(DATA SHOWN Opens)

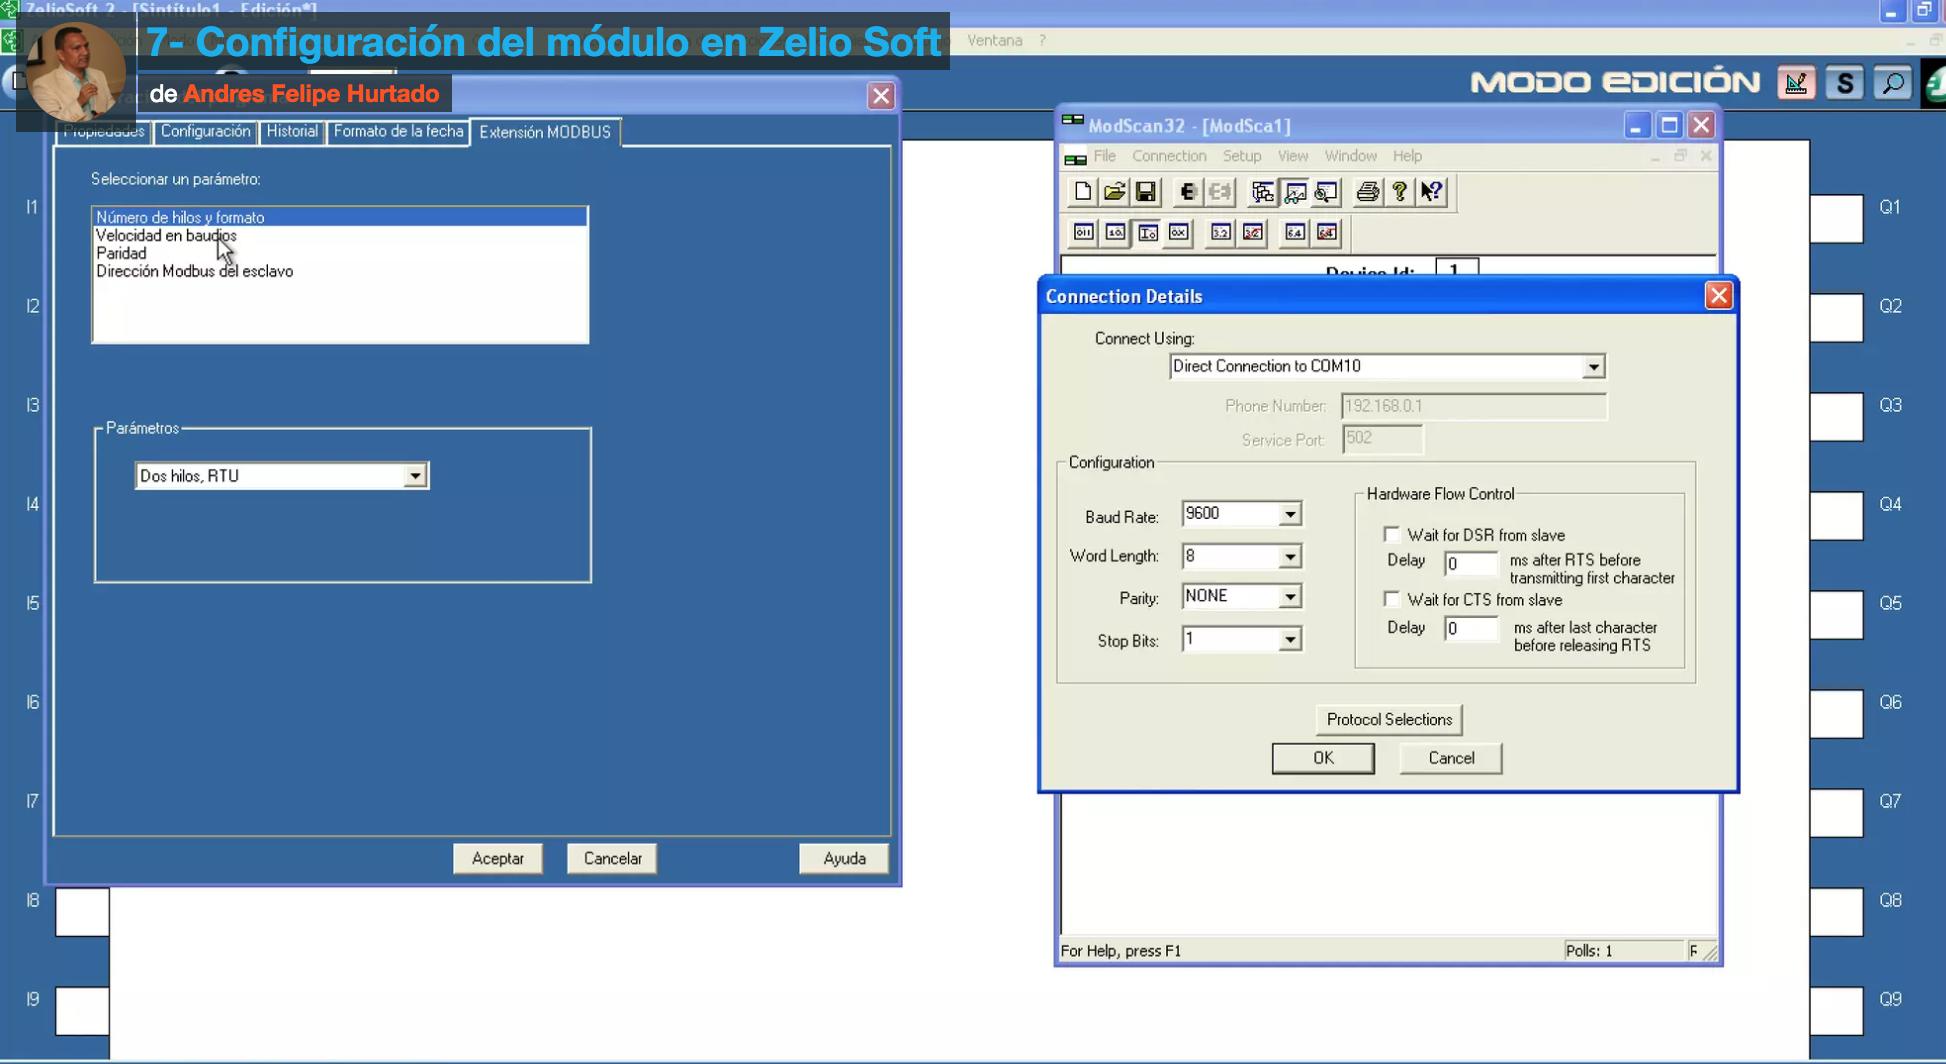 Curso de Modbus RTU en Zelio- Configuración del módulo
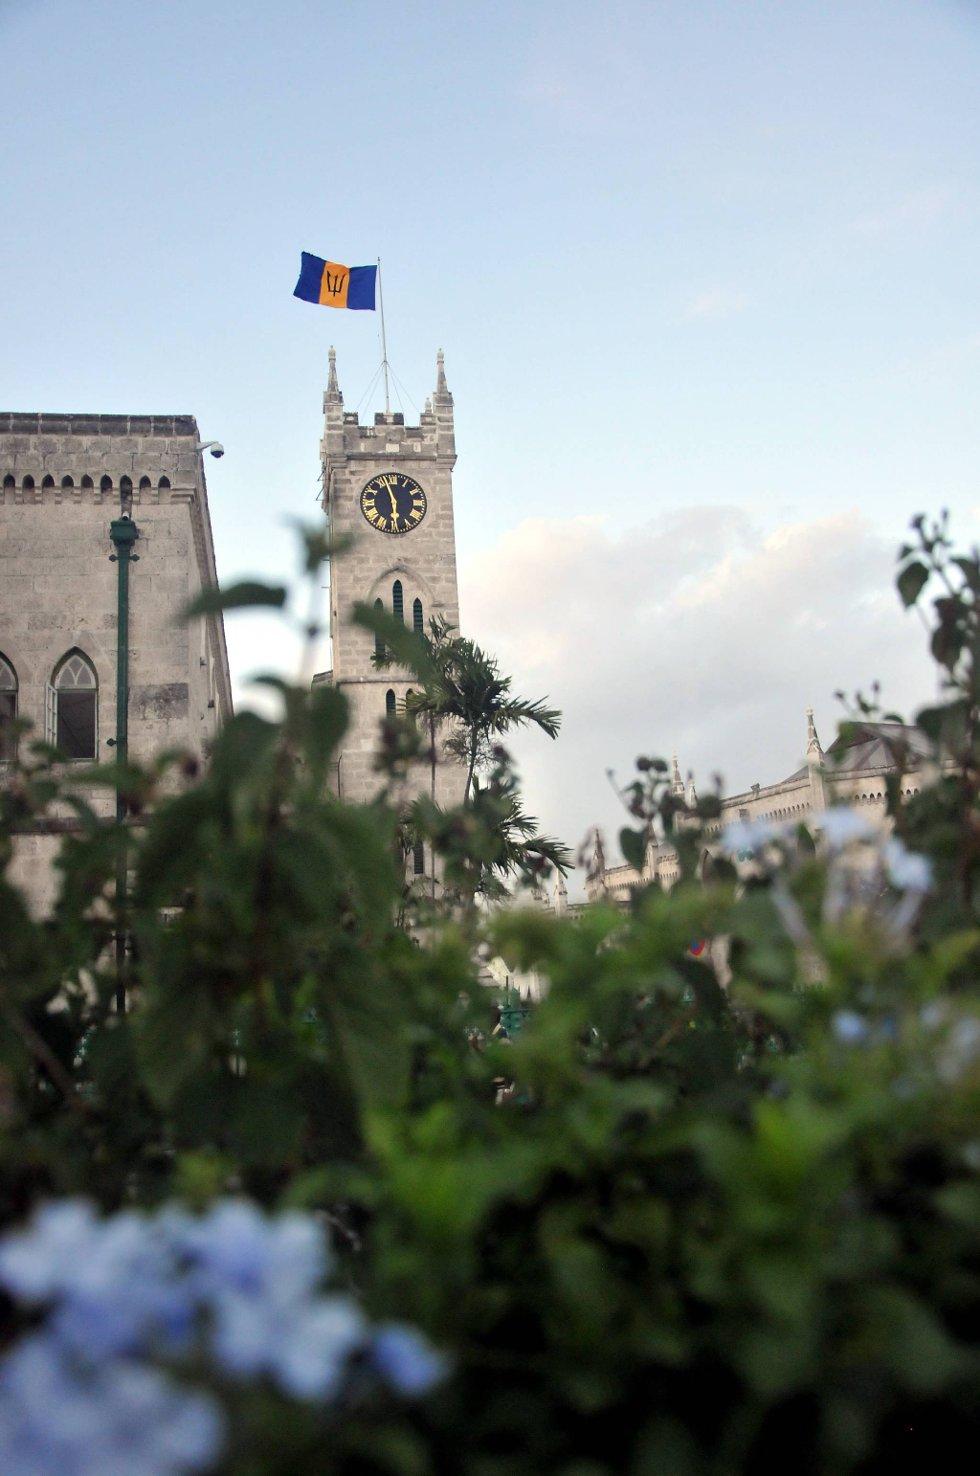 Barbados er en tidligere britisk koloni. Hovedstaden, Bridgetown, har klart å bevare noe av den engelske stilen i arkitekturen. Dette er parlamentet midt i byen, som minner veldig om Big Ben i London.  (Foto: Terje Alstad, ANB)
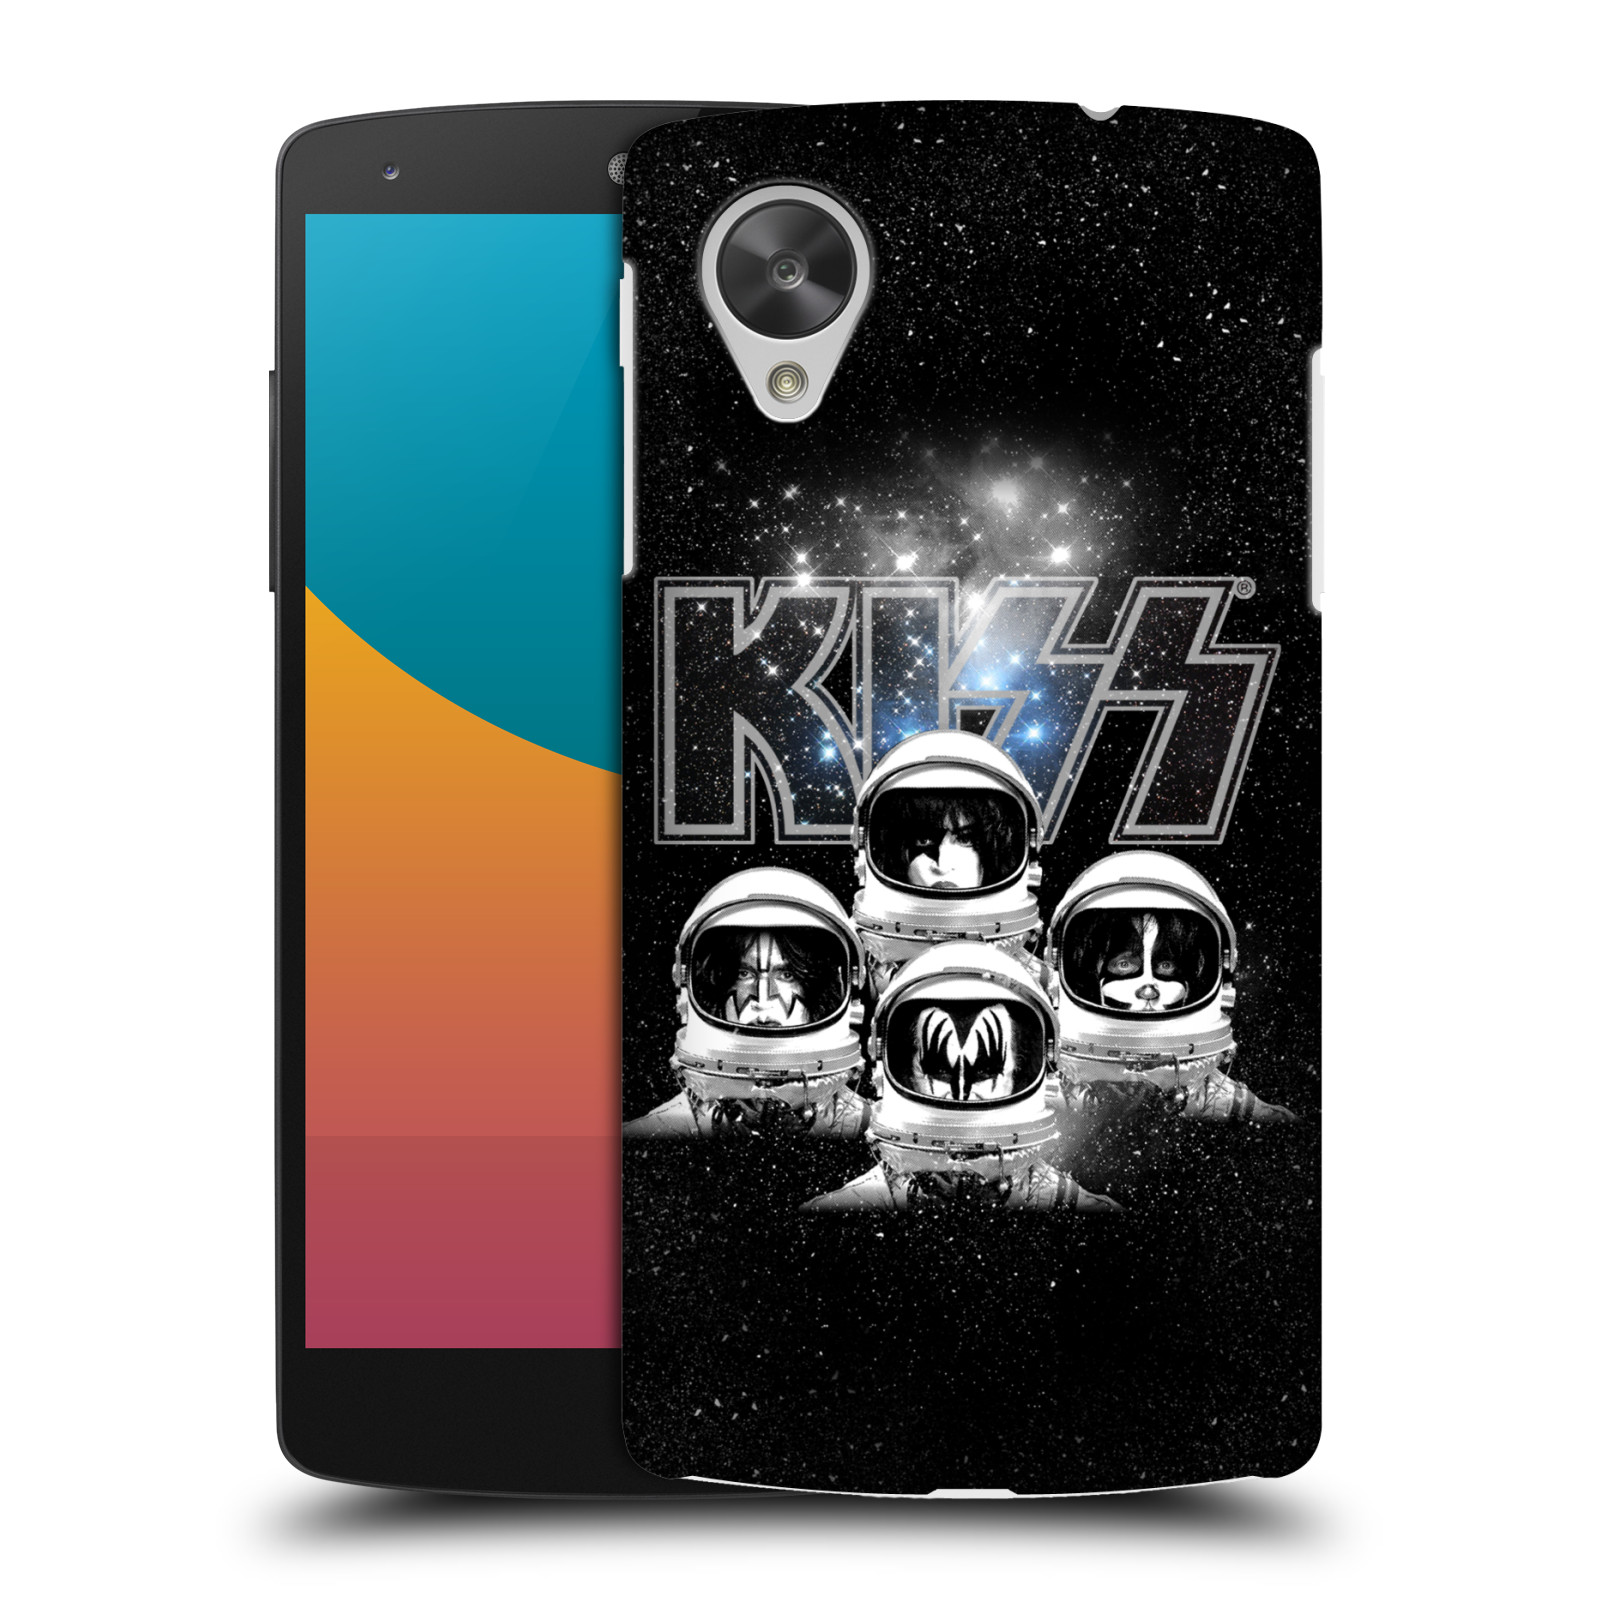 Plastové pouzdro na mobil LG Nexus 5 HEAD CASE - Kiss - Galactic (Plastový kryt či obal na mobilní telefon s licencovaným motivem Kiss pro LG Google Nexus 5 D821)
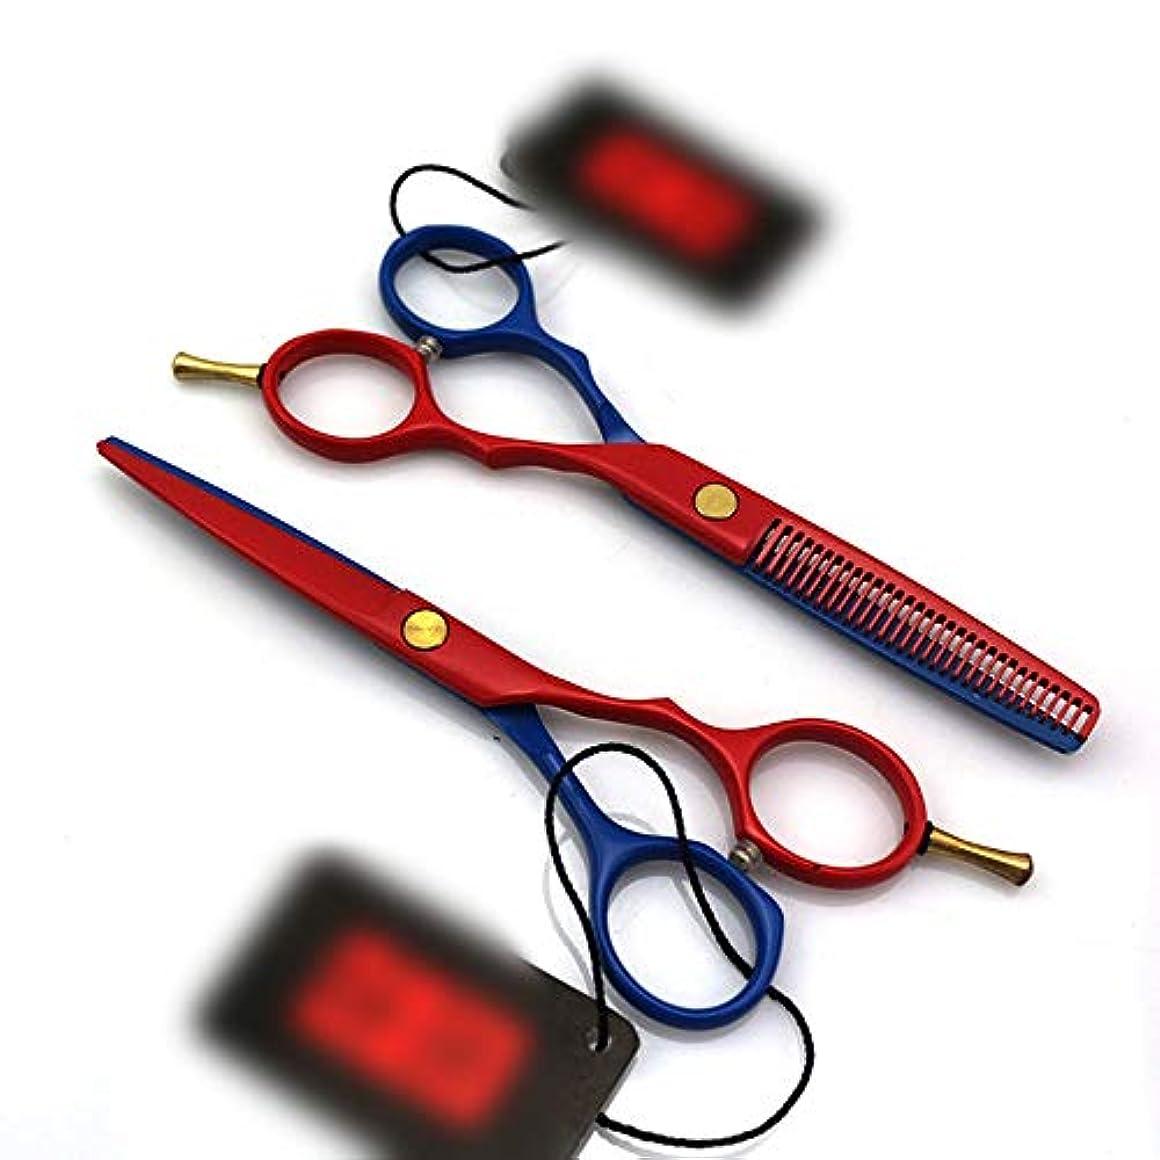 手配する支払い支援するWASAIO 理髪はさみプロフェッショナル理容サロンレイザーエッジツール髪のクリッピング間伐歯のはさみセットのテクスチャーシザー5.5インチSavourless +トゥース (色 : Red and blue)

(DATA SHOWN Closes)

● ASSIGNMENT
Retype the listing above exactly, pictures excluded.

● YOUR SOLUTION
 Curso de Modbus RTU en Zelio- Configuración del módulo
 Barbados er en tidligere britisk koloni. Hovedstaden, Bridgetown, har klart å bevare noe av den engelske stilen i arkitekturen. Dette er parlamentet midt i byen, som minner veldig om Big Ben i London.  (Foto: Terje Alstad, ANB)
 Plastové pouzdro na mobil LG Nexus 5 HEAD CASE - Kiss - Galactic (Plastový kryt či obal na mobilní telefon s licencovaným motivem Kiss pro LG Google Nexus 5 D821)
 手配する支払い支援するWASAIO 理髪はさみプロフェッショナル理容サロンレイザーエッジツール髪のクリッピング間伐歯のはさみセットのテクスチャーシザー5.5インチSavourless +トゥース (色 : Red and blue)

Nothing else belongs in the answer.